Basically hashing is the process of turning an input data of any length into a characteristic output string of fixed length. Hashing is done through a hash function.

In general a hash function is any function that can be used to map data of arbitrary size to fixed size values. The values ​​returned by the hash function are called the hash value, hash code, hash message, or simply “hash”.

For example, when you download a 50MB YouTube video and hash it using the SHA-256 hash algorithm, the output you get will be a 256-bit hash value. Similarly, if you take a 5 KB text message, hashing it with SHA-256, the output hash you get will still be 256 bits.

As you can see, in case of SHA-256, no matter how big or small your input is, the output you get will always be a fixed 256 bit length. This becomes important when you are dealing with large amounts of data and transactions. Then, instead of you having to process the entire input data (which can be very large), you only need to process and track a very small amount of data as hashes.
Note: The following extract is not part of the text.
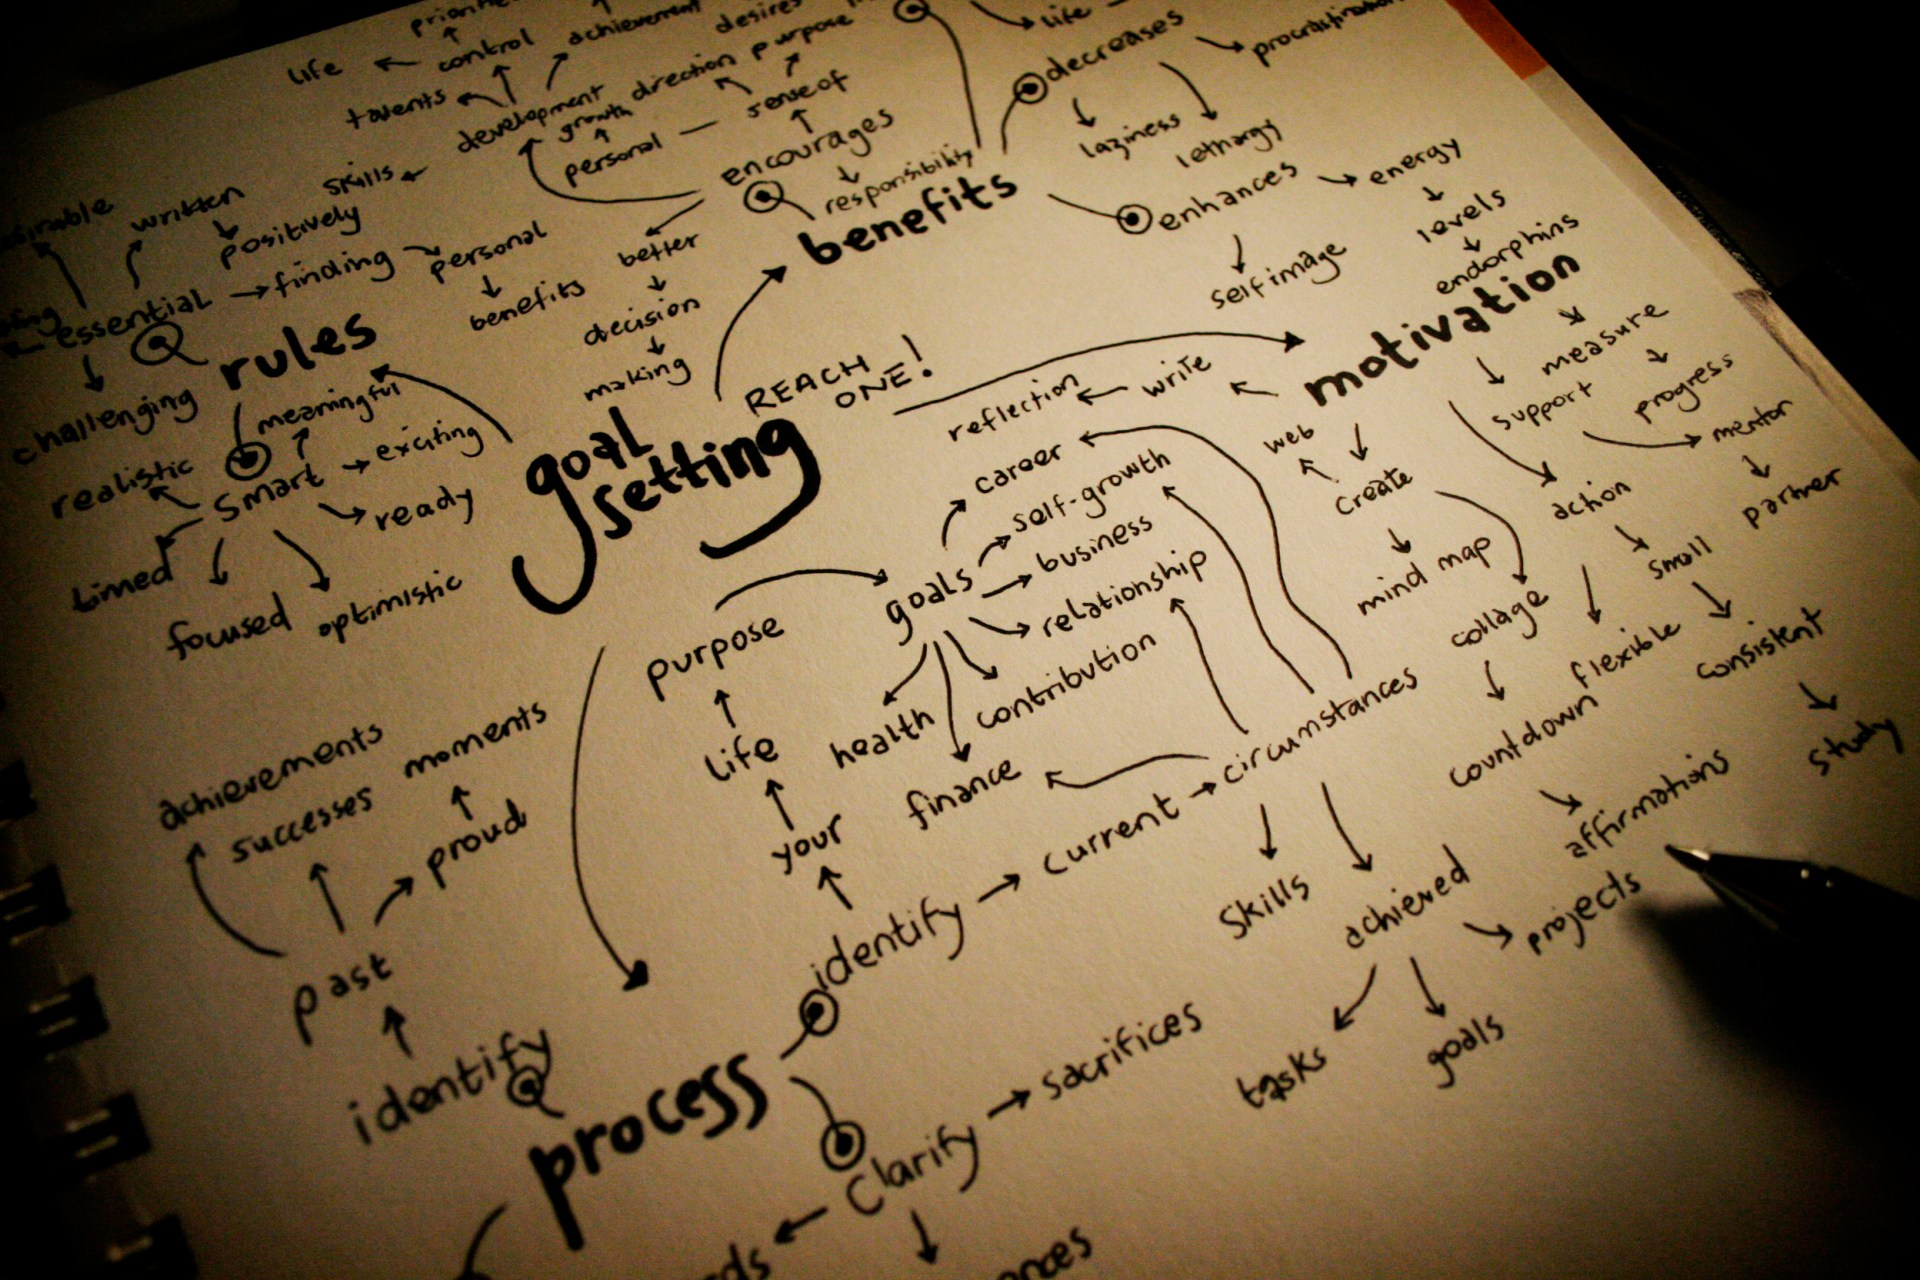 <span class='p-name'>Goals, Strategies, Objectives, & Tactics</span>

In the blockchain, transactions of different lengths are hashed through a certain hashing algorithm and all give a fixed length output regardless of the length of the input transaction. For example, Bitcoin uses the SHA-256 algorithm to hash transactions giving a fixed length output of 256 bits (32 bytes) whether the transaction is just a word or a complex transaction with a large amount of data. huge. What makes it easier to track transactions is to retrieve and trace back the hashes. The size of the hash will depend on the hash used.

The most commonly used and widely used hashing technique in ensuring the integrity of data in the blockchain is cryptographic hash functions such as SHA-1. SHA-2. SHA-3, SHA-256… This is because cryptographic hash functions have a number of important properties suitable for ensuring data security.

Cryptographic hash

Cryptographic hash functions are suitable hash functions for use in cryptography. Like regular hash functions, it is a mathematical algorithm that maps data of arbitrary size into a string of bits of fixed size (called a “hash value”, “hash code”, or “password”. hash message”). In addition, it guarantees the property of being a one-way function, that is, a function that in fact cannot have an inverse. If you had an output hash, you wouldn’t be able to deduce what the input would be to hash such a hash, or at least very difficult to deduce it, unless you exhaust all possible input messages. It is this extremely important property of the cryptographic hash function that makes it a fundamental tool of modern cryptography.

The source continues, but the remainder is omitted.